Since 1918, when dutch elm disease (DED) emerged in Holland, a majority of both wild and street populations of Ulmus trees in Europe and North America have been destroyed. The ascomycetous fungi Ophiostoma ulmi and O. novo-ulmi were identified as the causative organisms of DED. The former fungus was responsible for the first pandemic of the disease in the 1920s–40s, whereas the latter highly pathogenic and aggressive fungus was responsible for the advent of the second pandemic during the 1970s (Brasier, 1991; Smalley and Guries, 1993). A rapid emergence of hybrids between two subspecies of O. novo-ulmi has recently been reported, and it is likely that complex hybrid swarms are now expanding across the European continent (Brasier and Kirk, 2010). The initial elm breeding programs, launched in The Netherlands, were focused on the identification of resistant elms and emphasized the native European elms, especially U. glabra and U. minor. Asian elms, particularly U. wallichiana and U. pumila, proved to be a useful additional source of DED-resistance genes (Heybroek, 1983; Santini et al., 2008, 2010; Smalley and Guries, 1993). A series of new dutch elm hybrid cultivars were released in the 1960s and 1970s, and several hundred thousands grafted trees planted widely in Europe (Gerhold, 1970; Hiemstra et al., 2006) now show a varying degree of resistance to O. novo-ulmi isolates.
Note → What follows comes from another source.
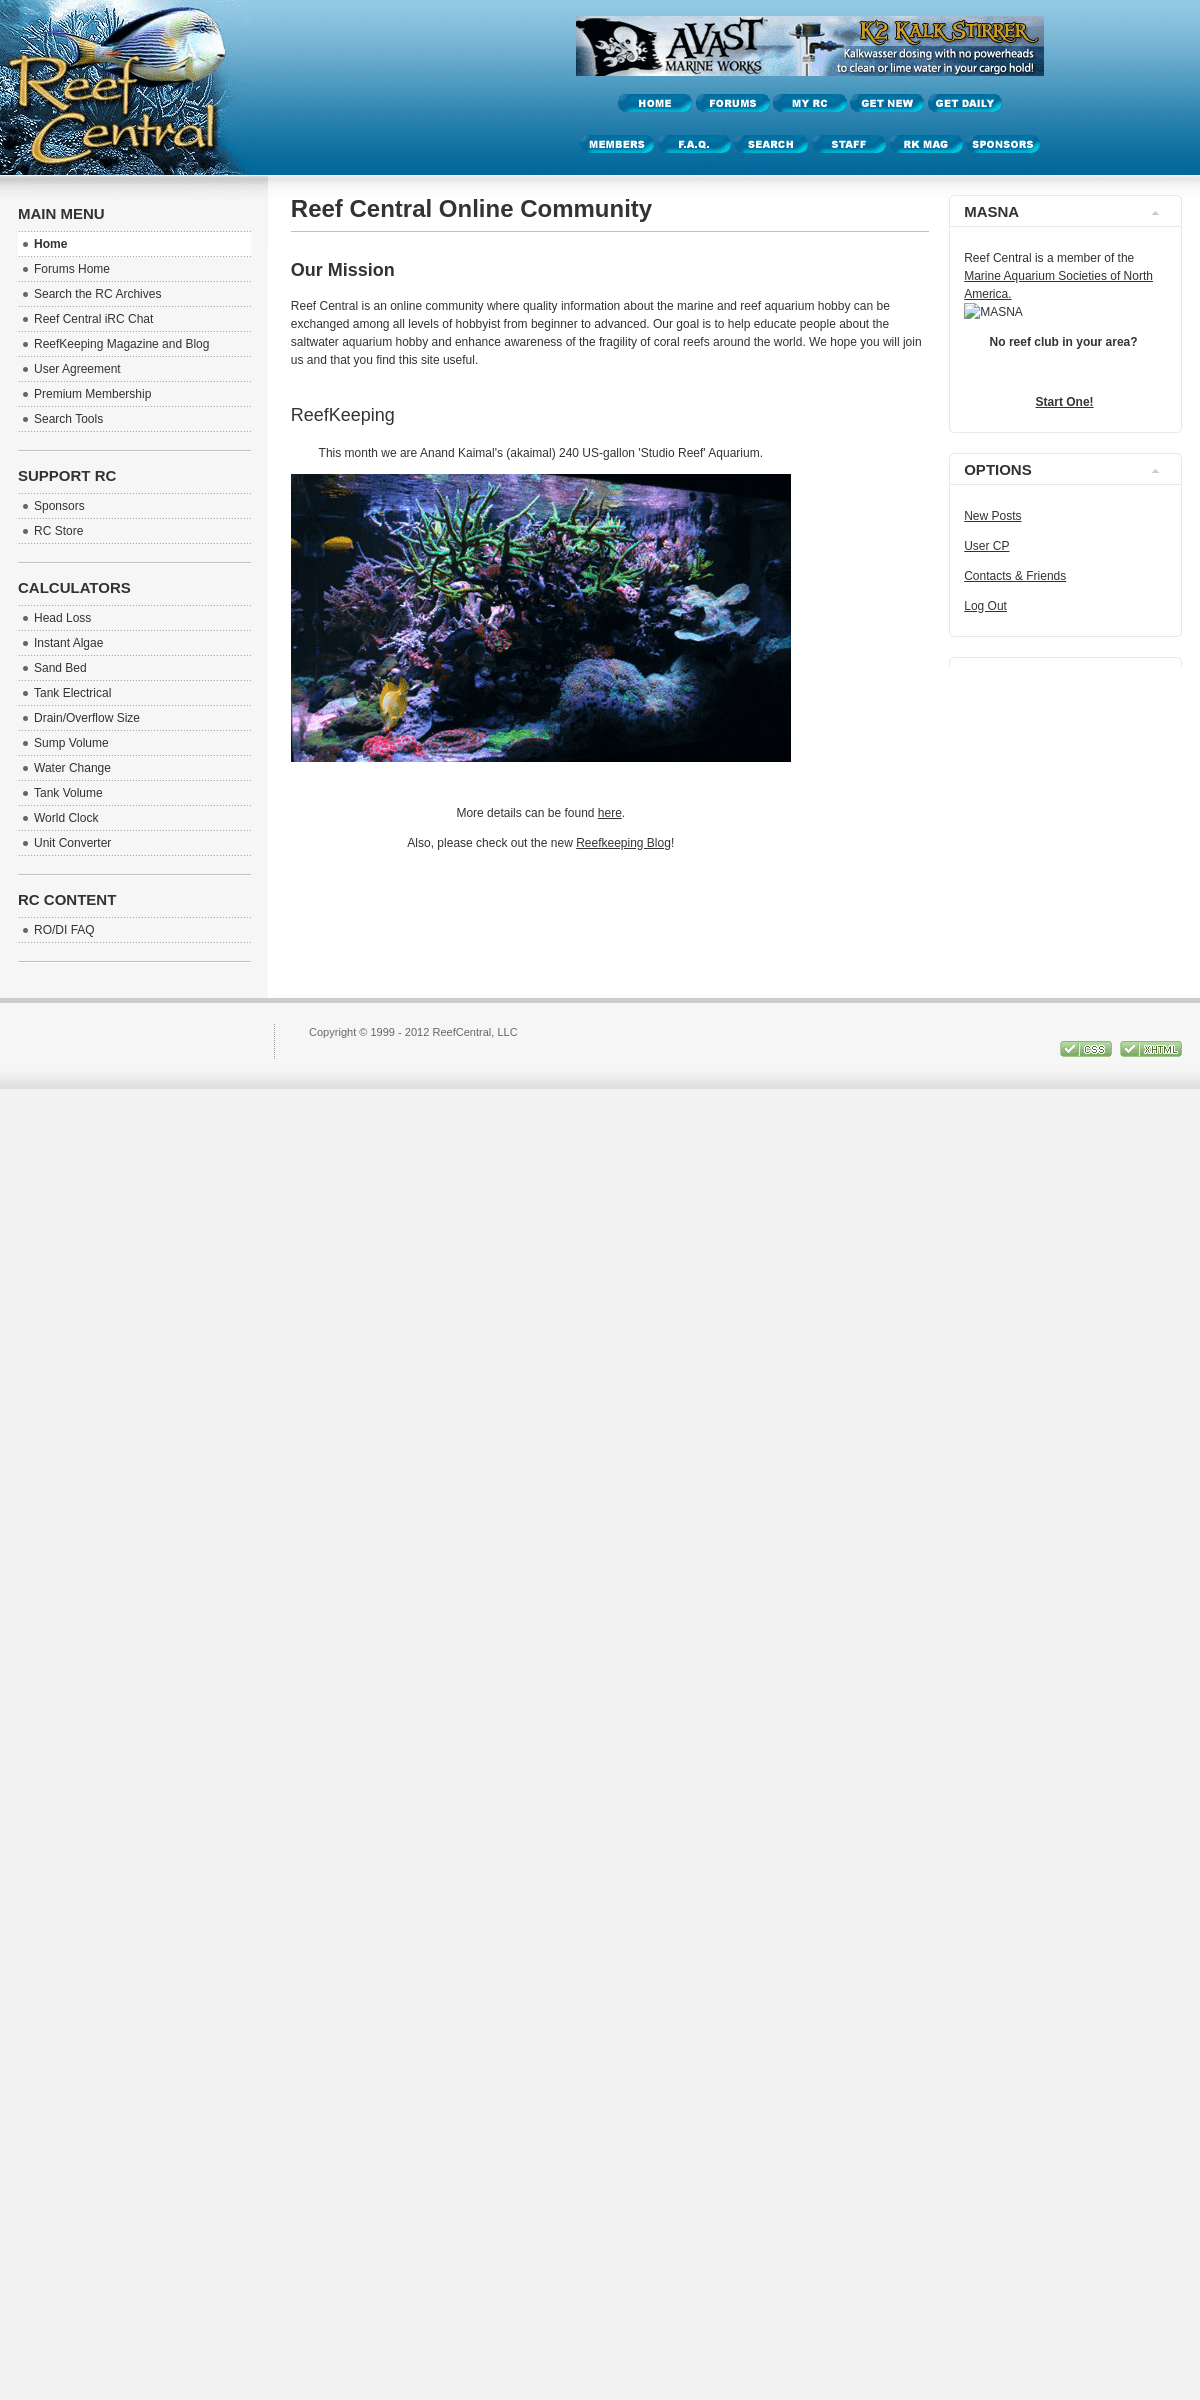 A complete backup of reefcentral.com

The use of tissue culture techniques assists in the propagation of high-quality plant material identified by tree breeding programs. In addition to elm breeding strategies, in vitro propagation methods may significantly contribute to the efforts of tree improvement through existing germplasm conservation, in vitro selection, and rapid distribution of new and improved cultivars (Biroščíková et al., 2004; Conde et al., 2008; Ďurkovič et al., 2010; Harvengt et al., 2004; Shukla et al., 2012). Transgenic elms showing reduced DED symptoms have been regenerated (Gartland et al., 2005; Newhouse et al., 2007), and small-scale field tests of transgenic elms have been established (Merkle et al., 2007).
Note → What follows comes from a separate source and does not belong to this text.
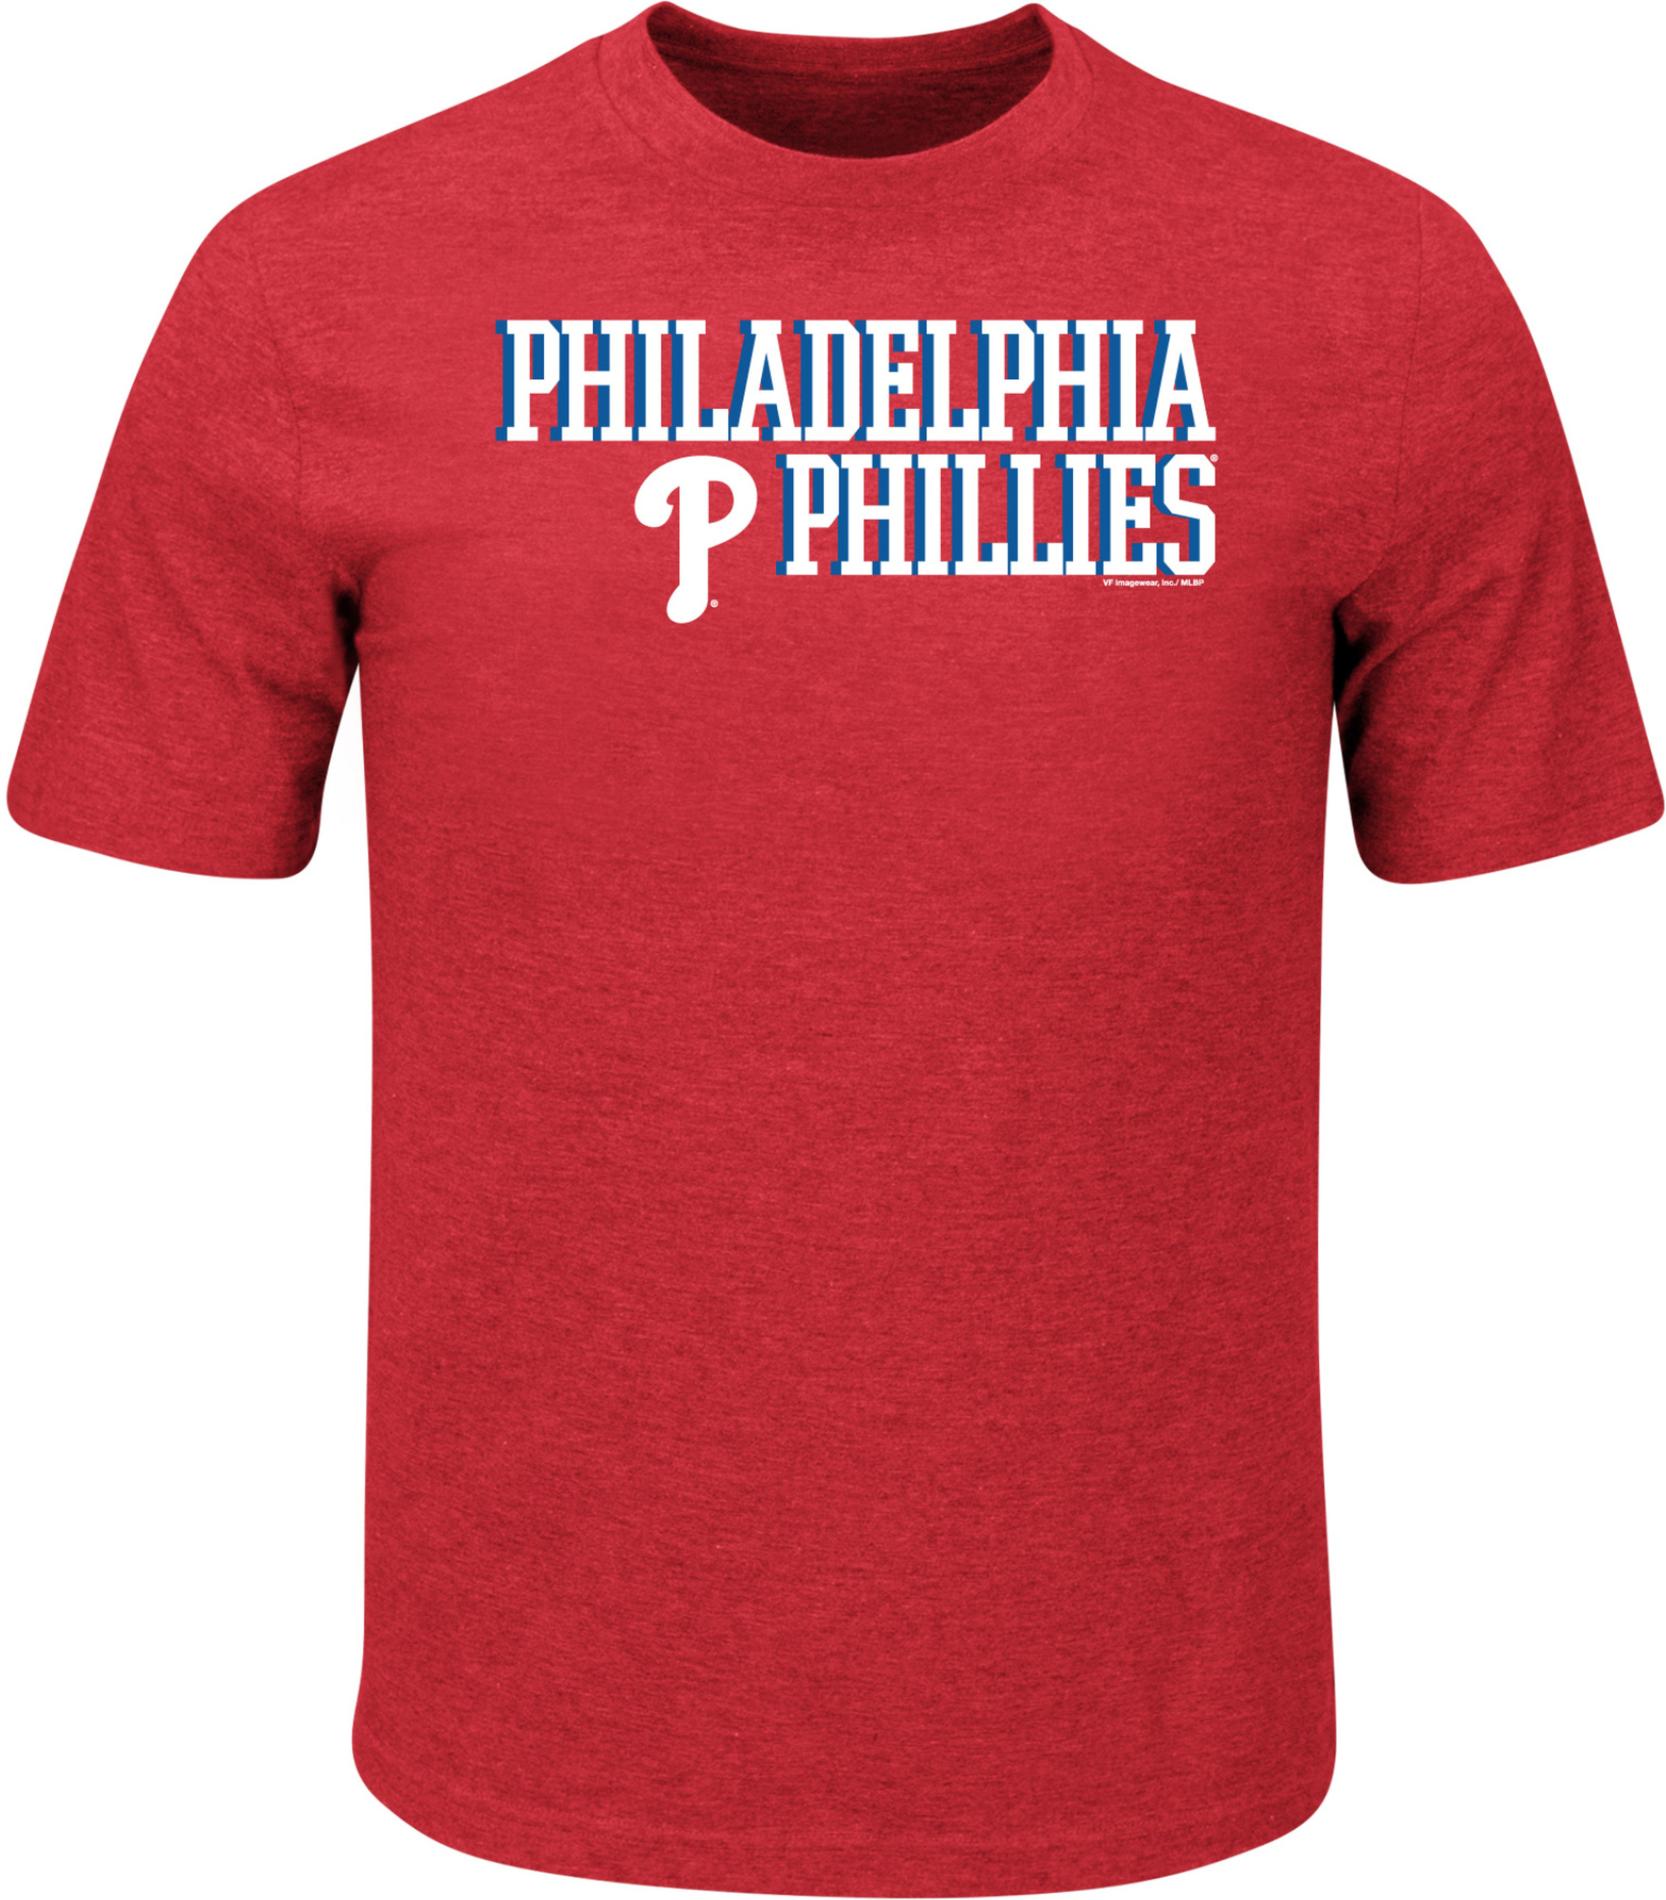 MLB Men's Graphic T-Shirt - Philadelphia Phillies

Determination of the chemical attributes of plant cell walls is of great importance for evaluating both the effects of hybridization and the results of plant breeding. The major chemical components of woody plant cell walls are the polysaccharide fractions (holocellulose) and lignin. Holocellulose is composed of cellulose and a complex mixture of polymers formed from simple saccharides known collectively as hemicelluloses. Hemicelluloses are typically characterized by the xylose, mannose, arabinose, and galactose contents. Microfibrils of cellulose constitute the reinforcing rods of the cell wall. Depending on the natural source, glucopyranose units ranging in number from 305 to 15,300 (Fengel and Wegener, 2003) are polymerized to form cellulose chains. This biopolymer imparts tensile strength to the wall to resist turgor pressure and to allow for growth habit. Lignins also impart strength to cell walls, facilitate water transport, and impede the degradation of cell wall polysaccharides, thus acting as a major line of defense against pathogens, insects, and other herbivores. The composition and crosslinking of lignin have significant impacts on the lignin degradability and susceptibility to kraft delignification (Chen et al., 2001; Grabber, 2005). One measure of dicotyledonous angiosperm lignin composition is the content ratio of guaiacyl (G) and syringyl (S) units. These aromatic units determine the type and number of crosslinks. The physical relationship between holocellulose and lignin affects many fiber characteristics. Variation in the chemical content of wood is generally influenced by the interaction of developmental, seasonal, and geographic conditions (Sewell et al., 2002). However, to the best of our knowledge, no studies have evaluated the effects of propagation techniques on cell wall chemistry in woody plants.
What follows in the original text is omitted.